Data extract.
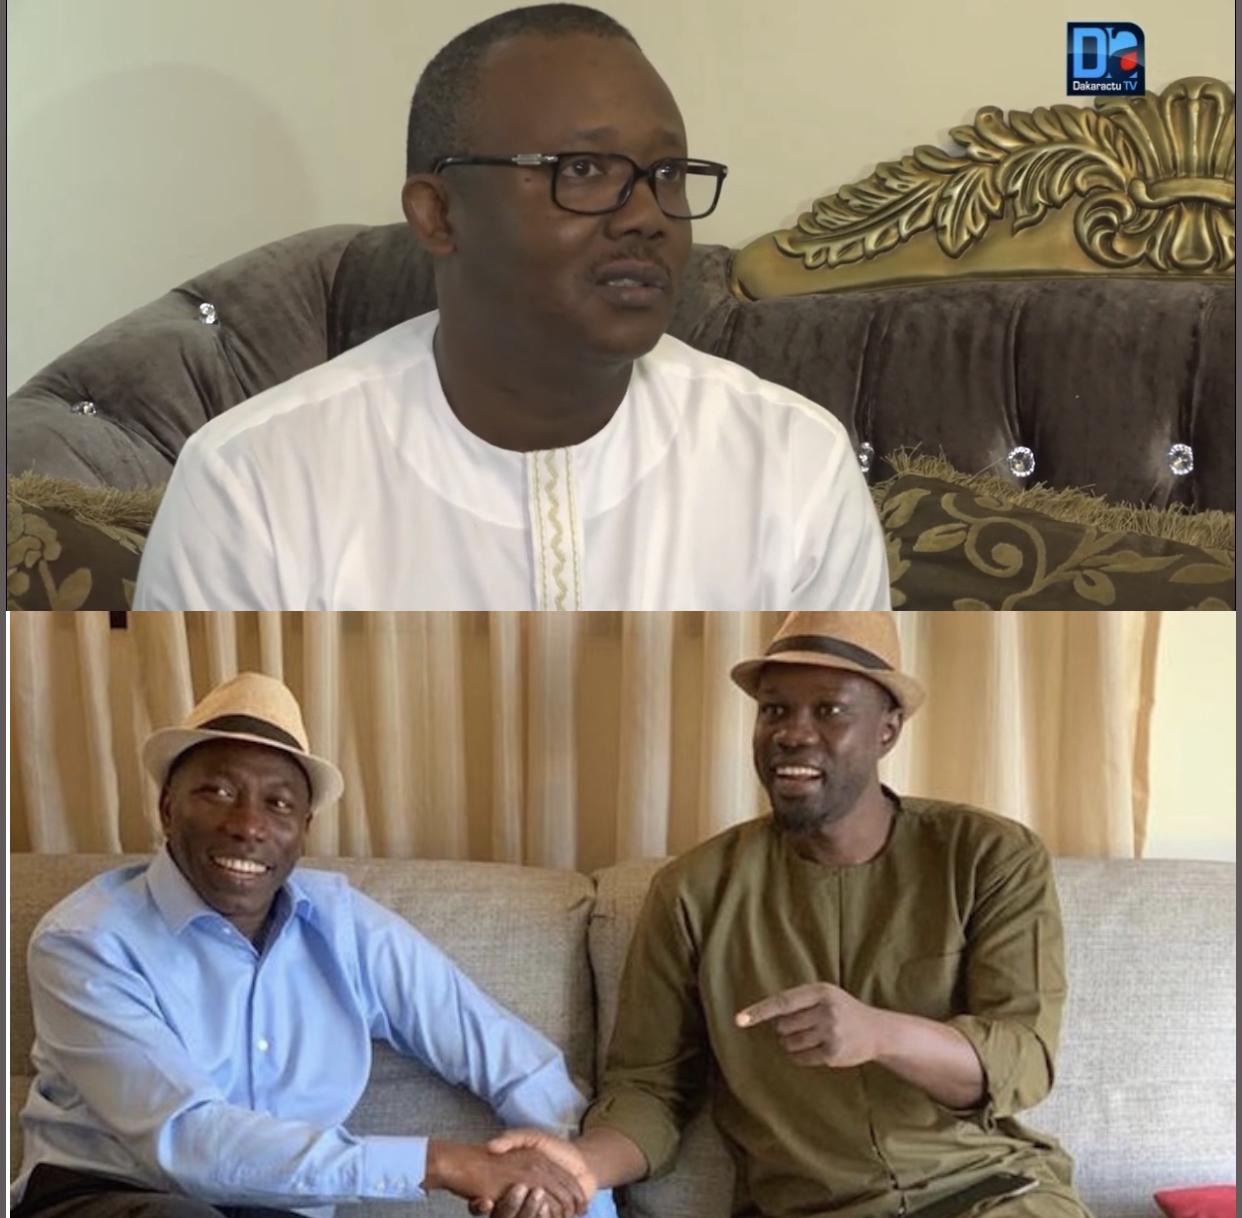 Les deux candidats au deuxième tour de la présidentielle bissau-guinéenne se lancent dans une chasse aux soutiens au Sénégal : Les hommes politiques sénégalais face à leurs responsabilités
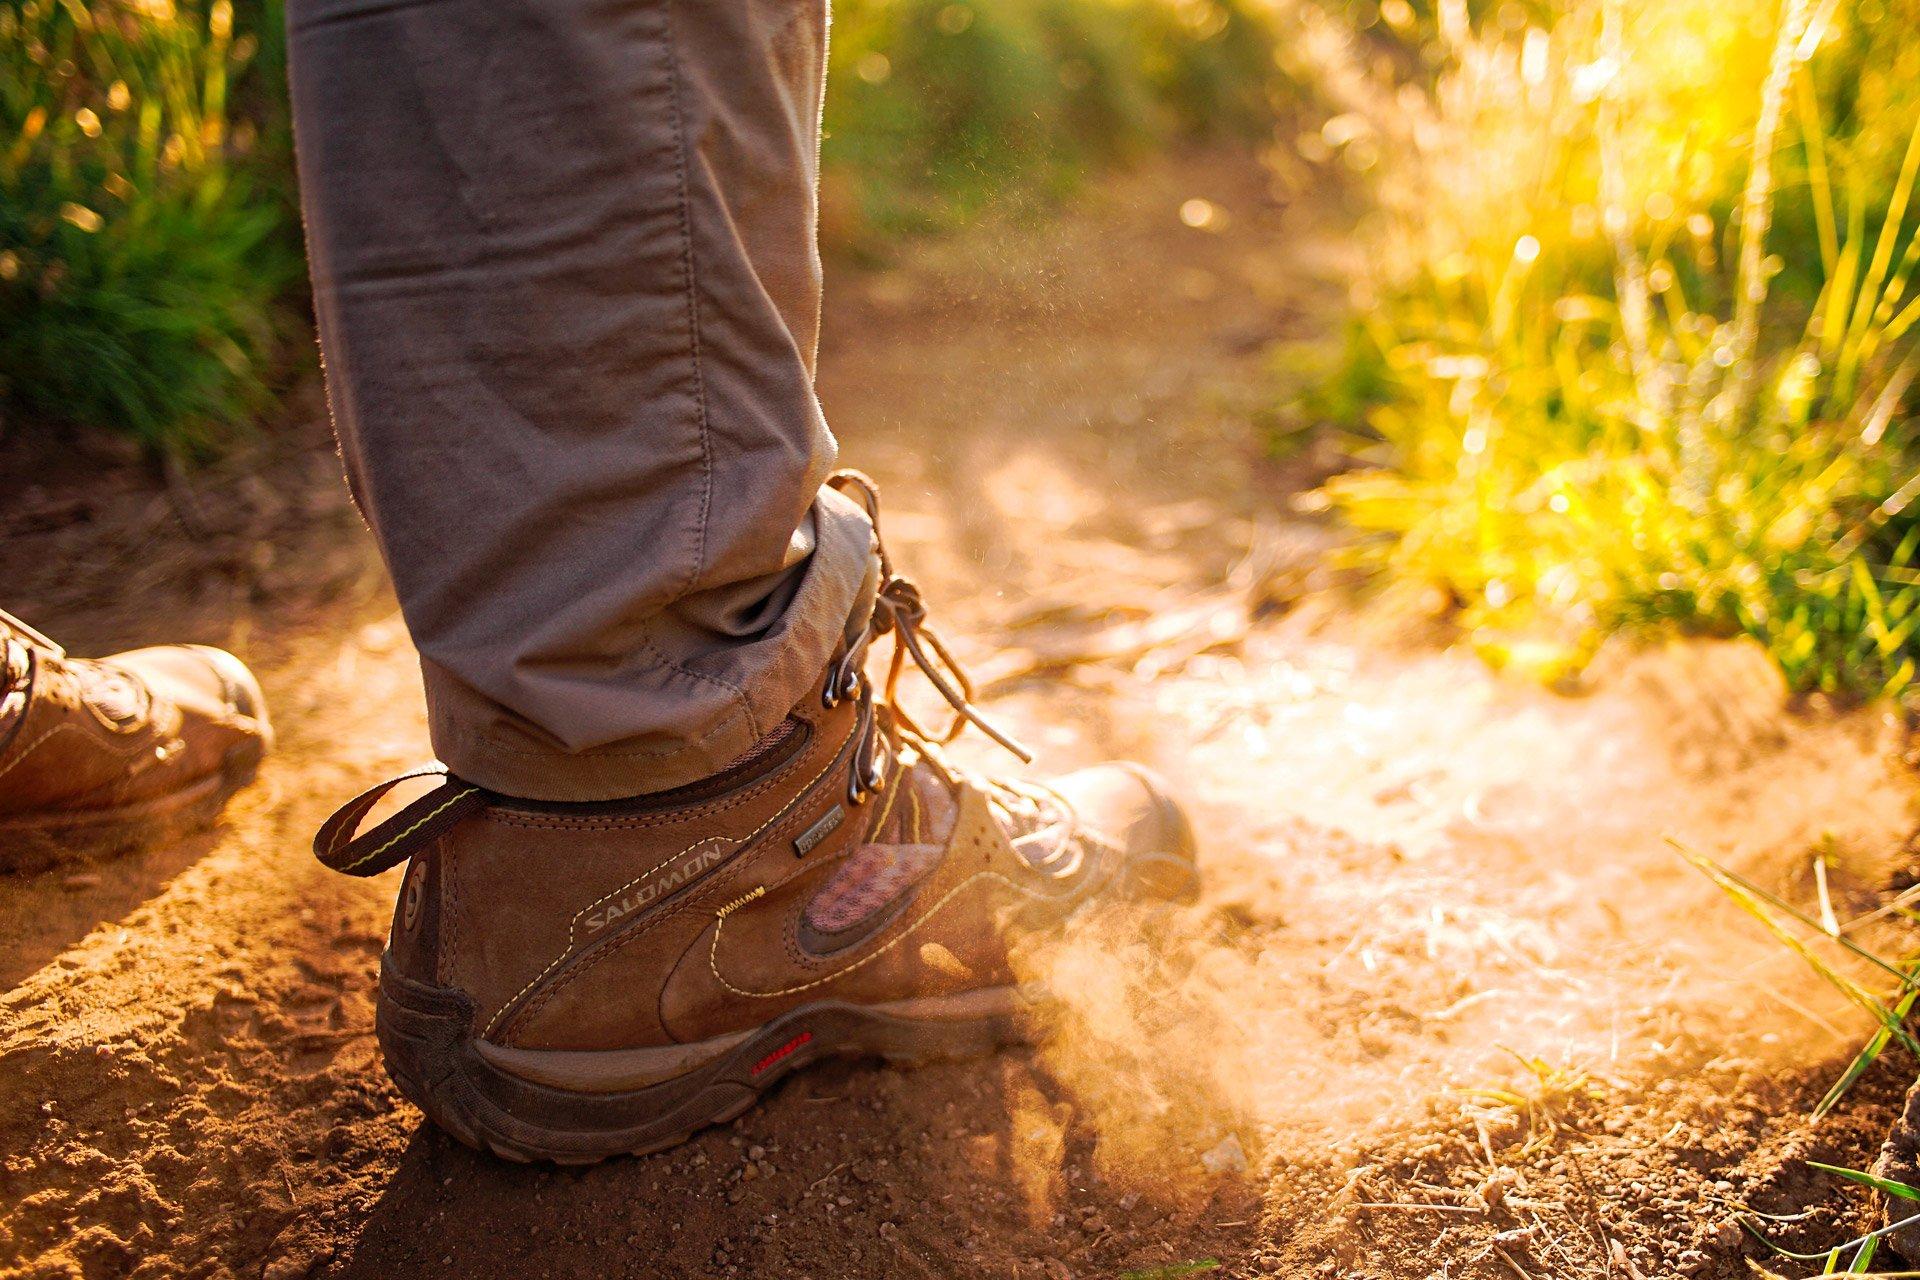 Les 10 meilleures chaussures de randonnée 2021 - Blog Snowleader
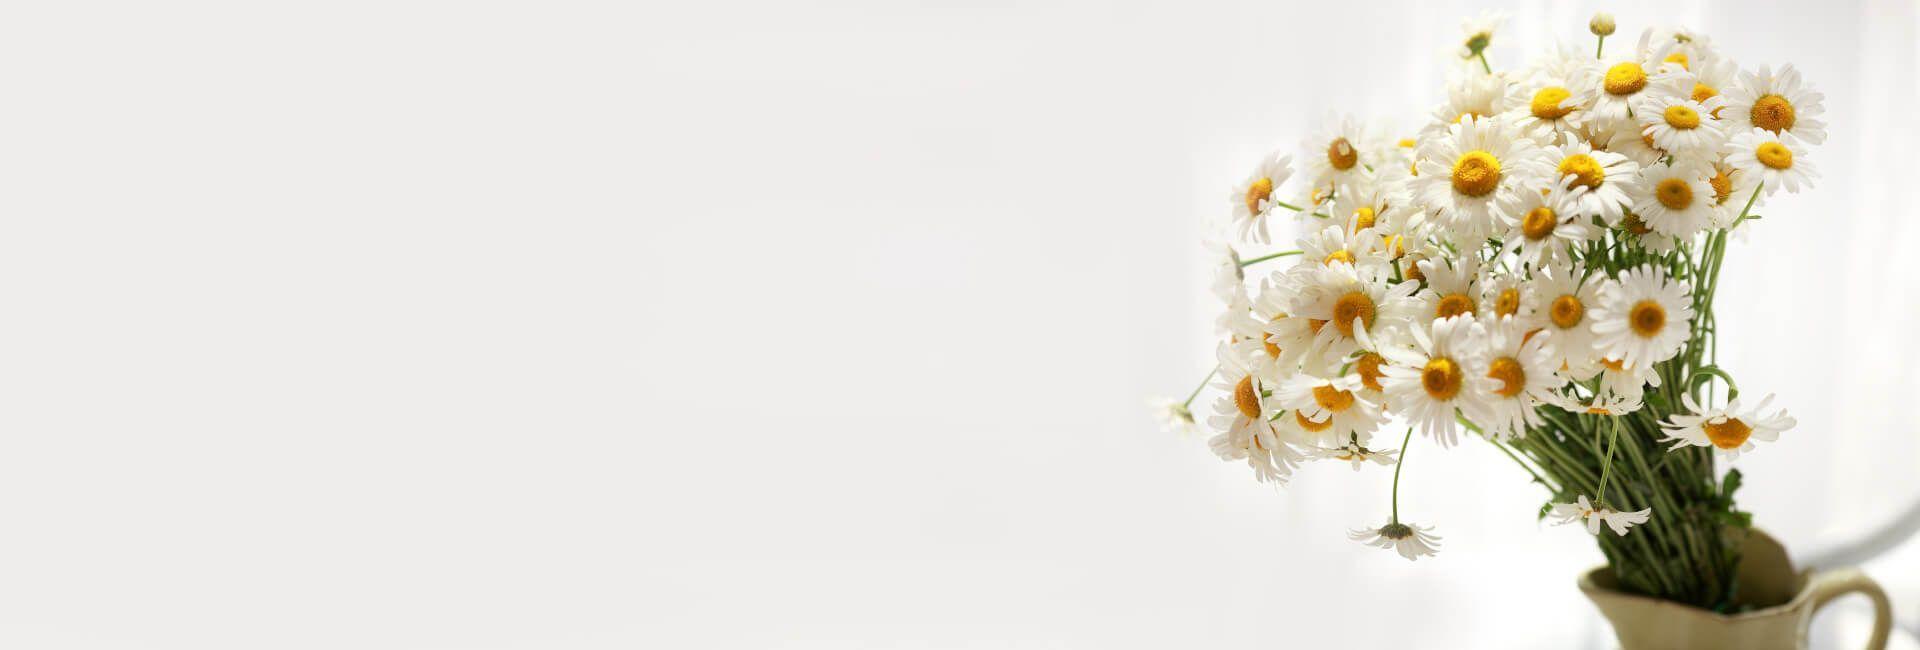 Get Well Soon Flower Gifts Bristol - Best in Bristol, CT

Goal of the exercise. Output the full listing verbatim, but drop the images.

Response area.
 Les deux candidats au deuxième tour de la présidentielle bissau-guinéenne se lancent dans une chasse aux soutiens au Sénégal : Les hommes politiques sénégalais face à leurs responsabilités
 Les 10 meilleures chaussures de randonnée 2021 - Blog Snowleader
 Get Well Soon Flower Gifts Bristol - Best in Bristol, CT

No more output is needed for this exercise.